For conspicuous gallantry and intrepidity at the risk of his life above and beyond the call of duty for service as a Machine Gunner with Company I, Third Battalion, Twenty Seventh Marines, First Marine Division in the Republic of Vietnam on May 17, 1968. While on Operation ALLEN BROOK, Company I was approaching a dry river bed with a heavily wooded treeline that bordered the hamlet of Le Nam (1), when they suddenly came under intense mortar, rocket propelled grenades, automatic weapons and small arms fire from a large, well concealed enemy force which halted the company's advance and wounded several Marines. Realizing that key points of resistance had to be eliminated to allow the units to advance and casualties to be evacuated, Private First Class Burke, without hesitation, seized his machine gun and launched a series of one man assaults against the fortified emplacement. As he aggressively maneuvered to the edge of the steep river bank, he delivered accurate suppressive fire upon several enemy bunkers, which enabled his comrades to advance and move the wounded Marines to positions of relative safety. As he continued his combative actions, he located an opposing automatic weapons emplacement and poured intense fire into the position, killing three North Vietnamese soldiers as they attempted to flee. Private First Class Burke then fearlessly moved from one position to another, quelling the hostile fire until his weapon malfunctioned. Obtaining a casualty's rifle and hand grenades, he advanced further into the midst of the enemy. Observing that a fellow Marine had cleared his malfunctioning machine gun he grasped his weapon and moved into a dangerously exposed area and saturated the hostile treeline until he fell mortally wounded. Private First Class Burke's gallant actions upheld the highest traditions of the Marine Corps and the United States Naval Service.
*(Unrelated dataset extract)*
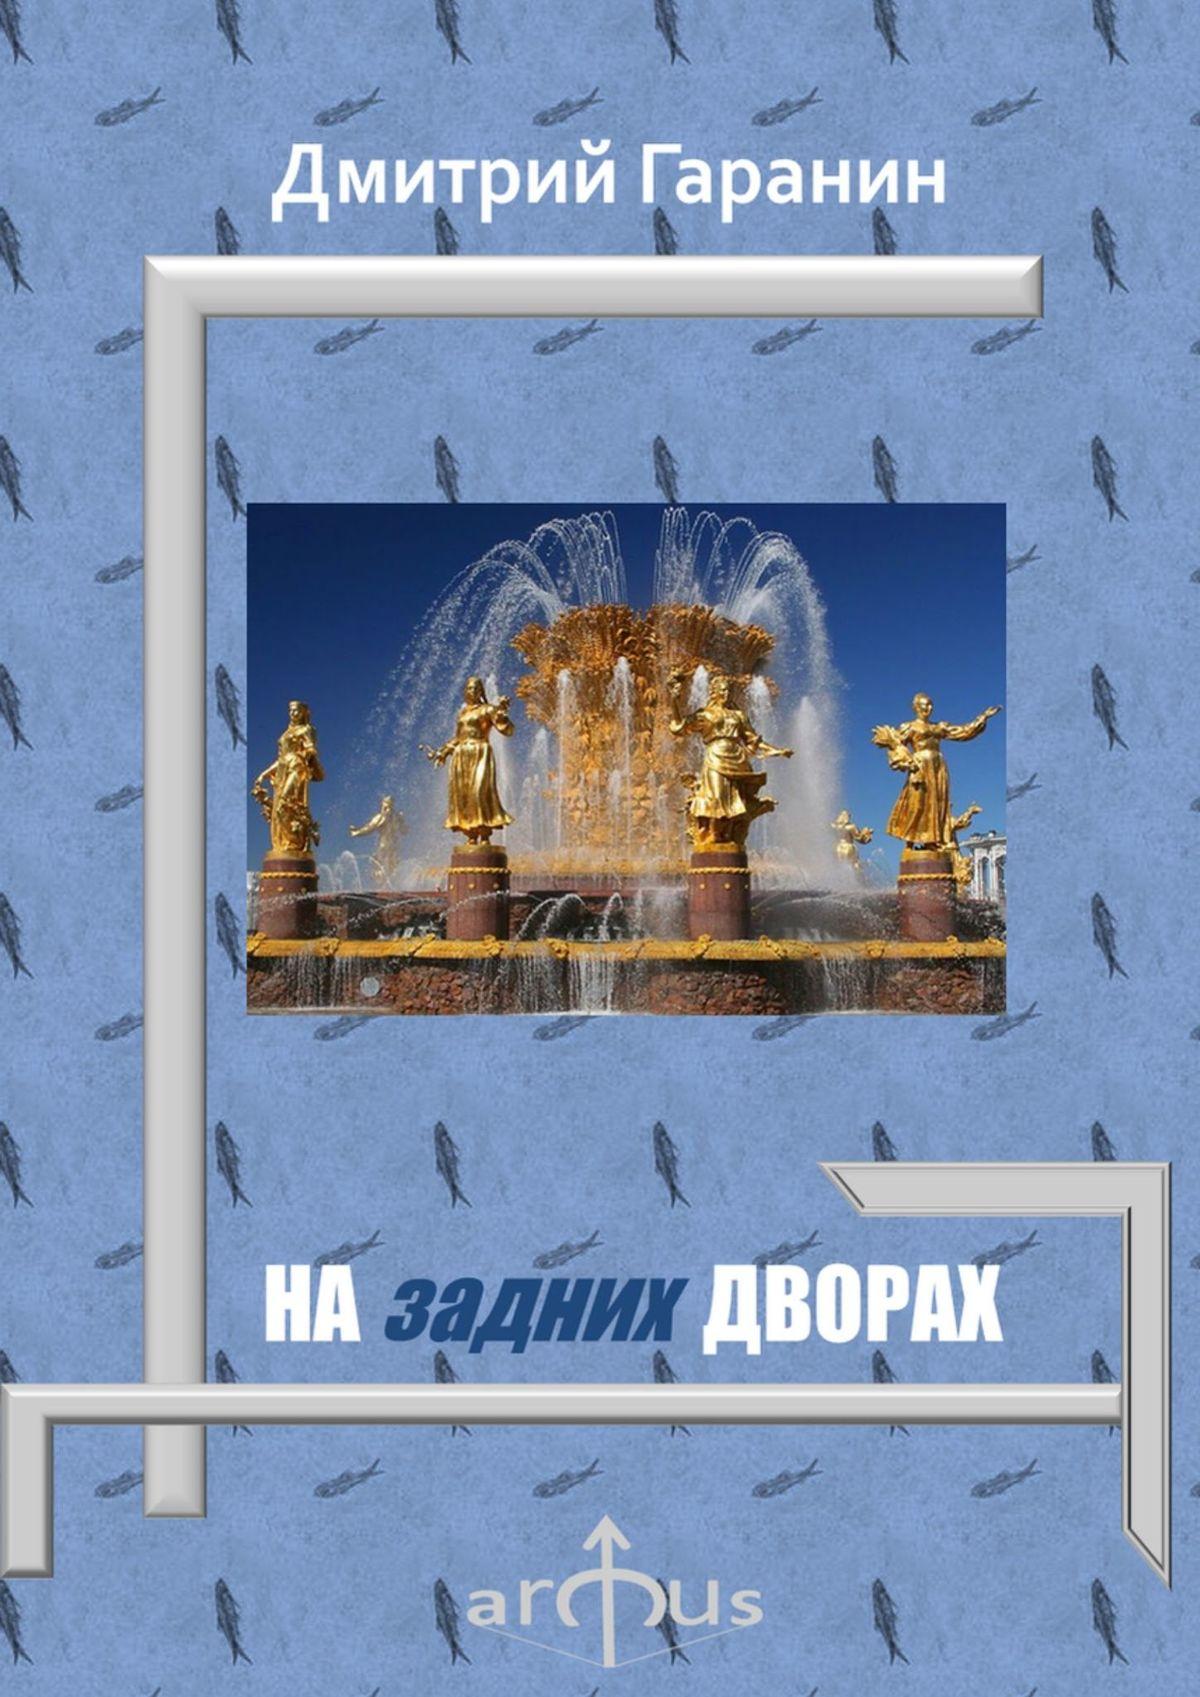 Дмитрий Гаранин На задних дворах. Проекции: №7
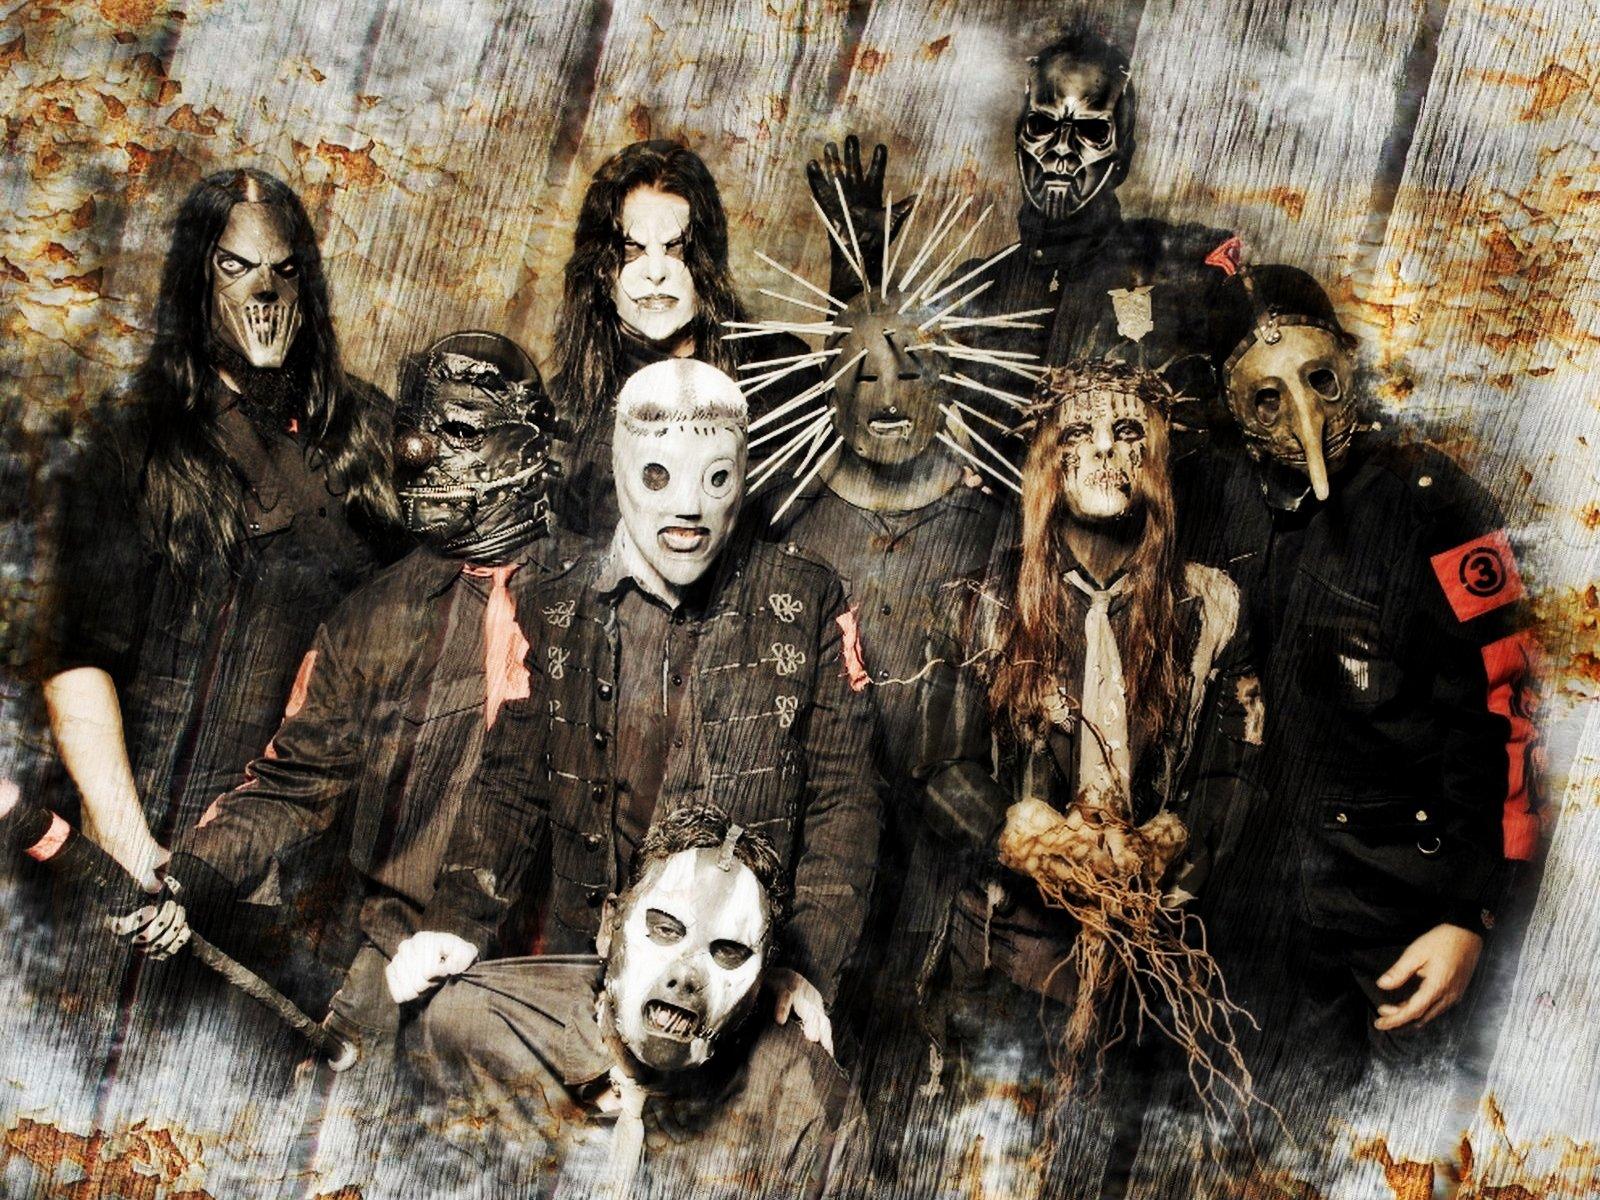 Papel de Parede Slipknot Metal Wallpaper para Download no Celular ou 1600x1200

He gallantly gave his life for his country.

/S/ RICHARD M. NIXON

==Military decorations & awards==
Burke's service ribbons include:

|  | Medal of Honor |  |
| Purple Heart Medal | National Defense Service Medal | Vietnam Service Medal with service star |
| Military Merit Medal (South Vietnam) | Gallantry Cross with Palm (South Vietnam) | Vietnam Campaign Medal with 1960– bar (South Vietnam) |

==Legacy==
The name Robert Charles Burke is inscribed on the Vietnam Veterans Memorial ("The Wall") in Washington, D.C., on Panel 61E, Line 024.

Robert C. Burke Memorial Park in Monticello, Illinois, his hometown, is named in his honor.